I am creating a parser using Jsoup in Kotlin
I need to get a inner text of a tag with class "ptrack-content" inside the tag with class "titleCard-synopsis"
When I am trying to getElementsByClass in a element objects that created by a former getElementsByClass, I getting 0 elements
Code:
class NetlifxHtmlParser {
val html = """
<div class="titleCardList--metadataWrapper">
<div class="titleCardList-title"><span class="titleCard-title_text">Map Her</span><span><span class="duration ellipsized">50m</span></span></div>
<p class="titleCard-synopsis previewModal--small-text">
<div class="ptrack-content">A hidden map rocks Hartley High as the students' sexcapades are publicly exposed. Caught as the culprit, Amerie becomes an instant social pariah.</div>
</p>
</div>
<div class="titleCardList--metadataWrapper">
<div class="titleCardList-title"><span class="titleCard-title_text">Renaissance Titties</span><span><span class="duration ellipsized">50m</span></span></div>
<p class="titleCard-synopsis previewModal--small-text">
<div class="ptrack-content">Amerie, the new outcast, receives a party invitation that gives her butterflies. But when she manages to show up, a bitter surprise awaits.</div>
</p>
</div>
""".trimIndent()
fun parseEpisode() {
val doc = Jsoup.parseBodyFragment(html)
val titleCards = doc.getElementsByClass("titleCard-synopsis")
println("Episode: count titleCard = > ${titleCards.count()}") // 2
titleCards.forEachIndexed { index, element ->
val ptrack = element.getElementsByClass("ptrack-content")
println("Episode: count ptrack = > ${ptrack.count()}") // 0 !!
println("inner html = > ${ptrack.html()}") // null string !!
}
}
}
In the above code,
First, I am extracting tags with class name titleCard-synopsis
.
For that , I using doc.getElementsByClass("titleCard-synopsis")
which returns 2 element items.
Then, In the List of titleCard
elements, I am extracting the elements that have ptrack-content
as Class, by using the same getElementsByClass in each element,
which returns empty list.
Why this is happening ?
My goal is, I need to extract the description text for each title, the stored in the interior tags of p tag with class titleCard-synopsis.
If I try to get directly from "ptrack-content", it's working fine, but this a general class used in many places in the main HTML source. (this is snippet)
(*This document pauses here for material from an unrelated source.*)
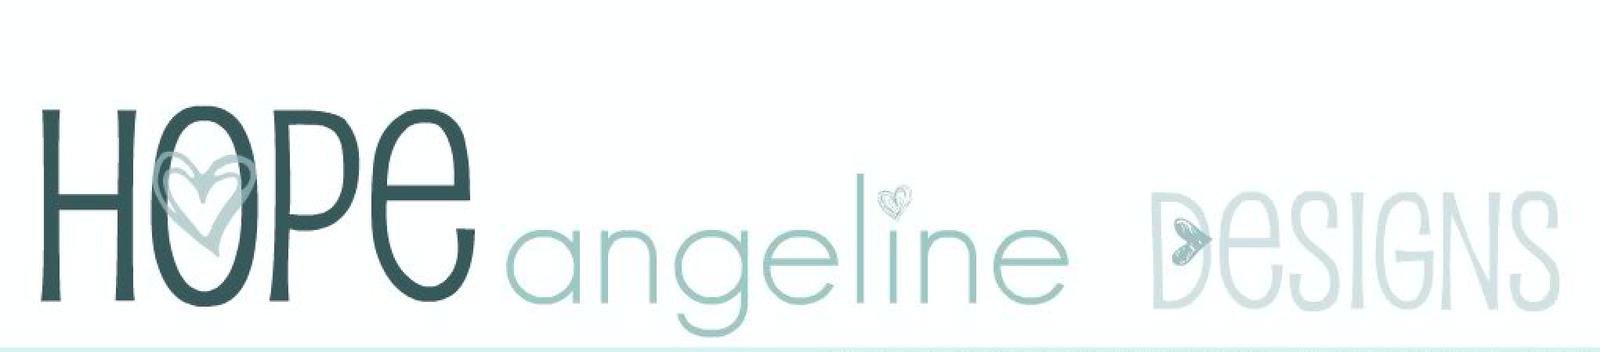 Hope Angeline Designs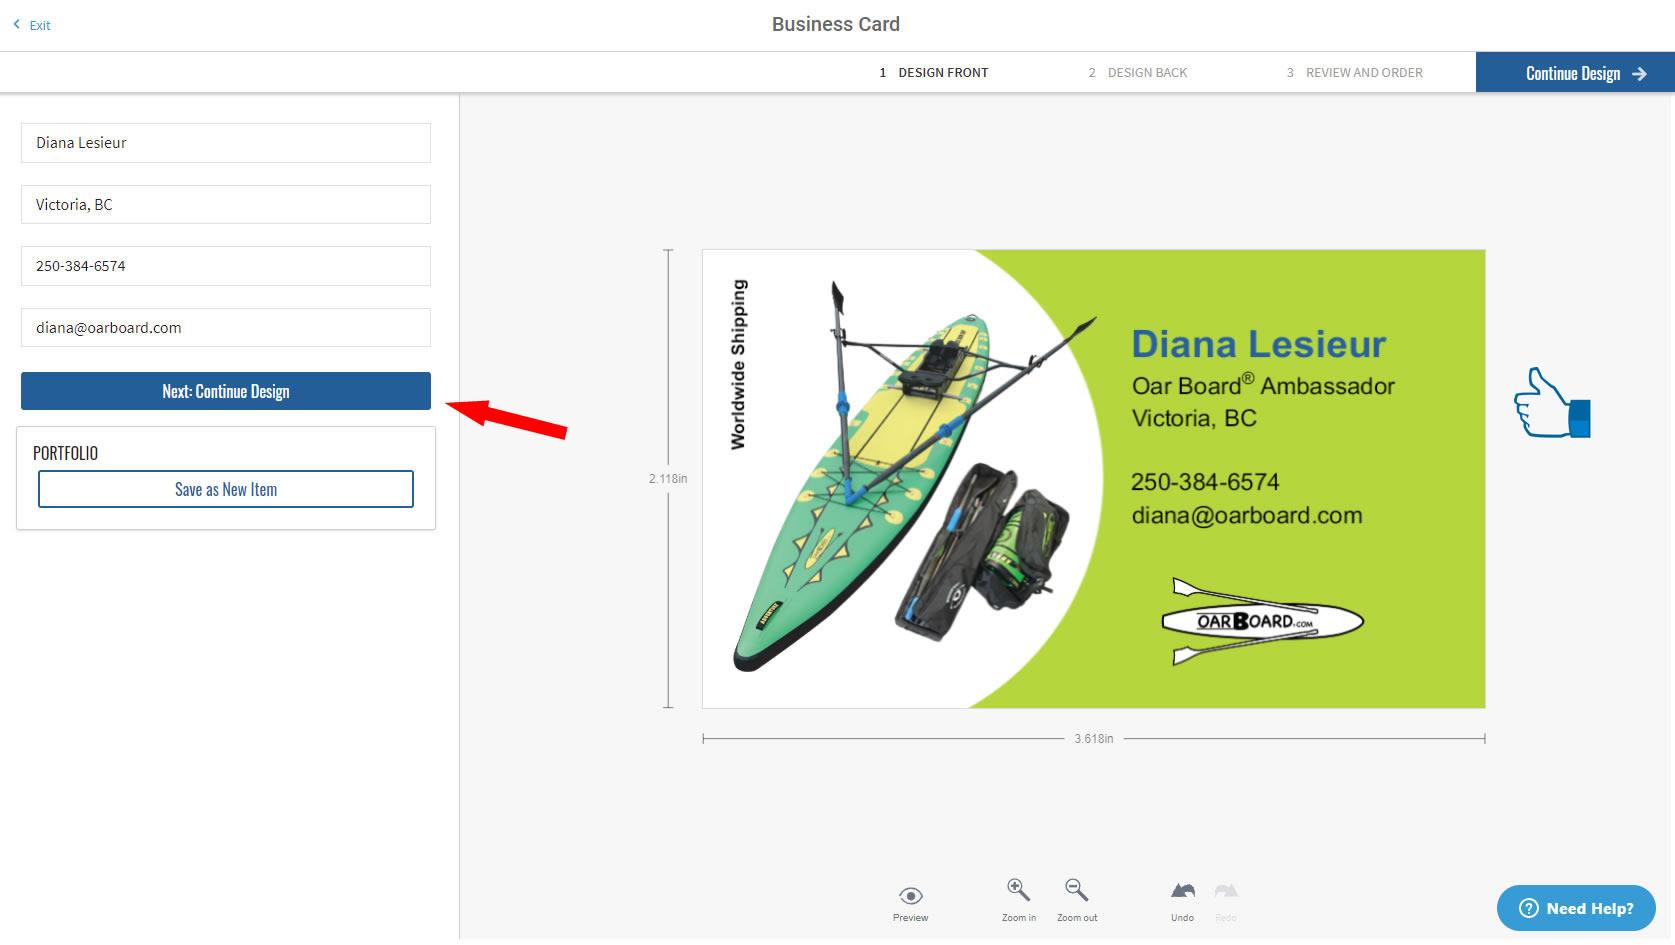 oar-board-vistaprint-screenshots-6a

I need to get a inner text of a tag with class "ptrack-content" inside the tag with class "titleCard-synopsis"
But in the above method in the code, I am only getting emtpy list.
Why ?
Also note that, if I invoke the HTML()
method in a element object of titleCards
(ptrack.html()
),
I am not getting the inner DIV tag, an empty string!!!
Please guide my to resolve the issue !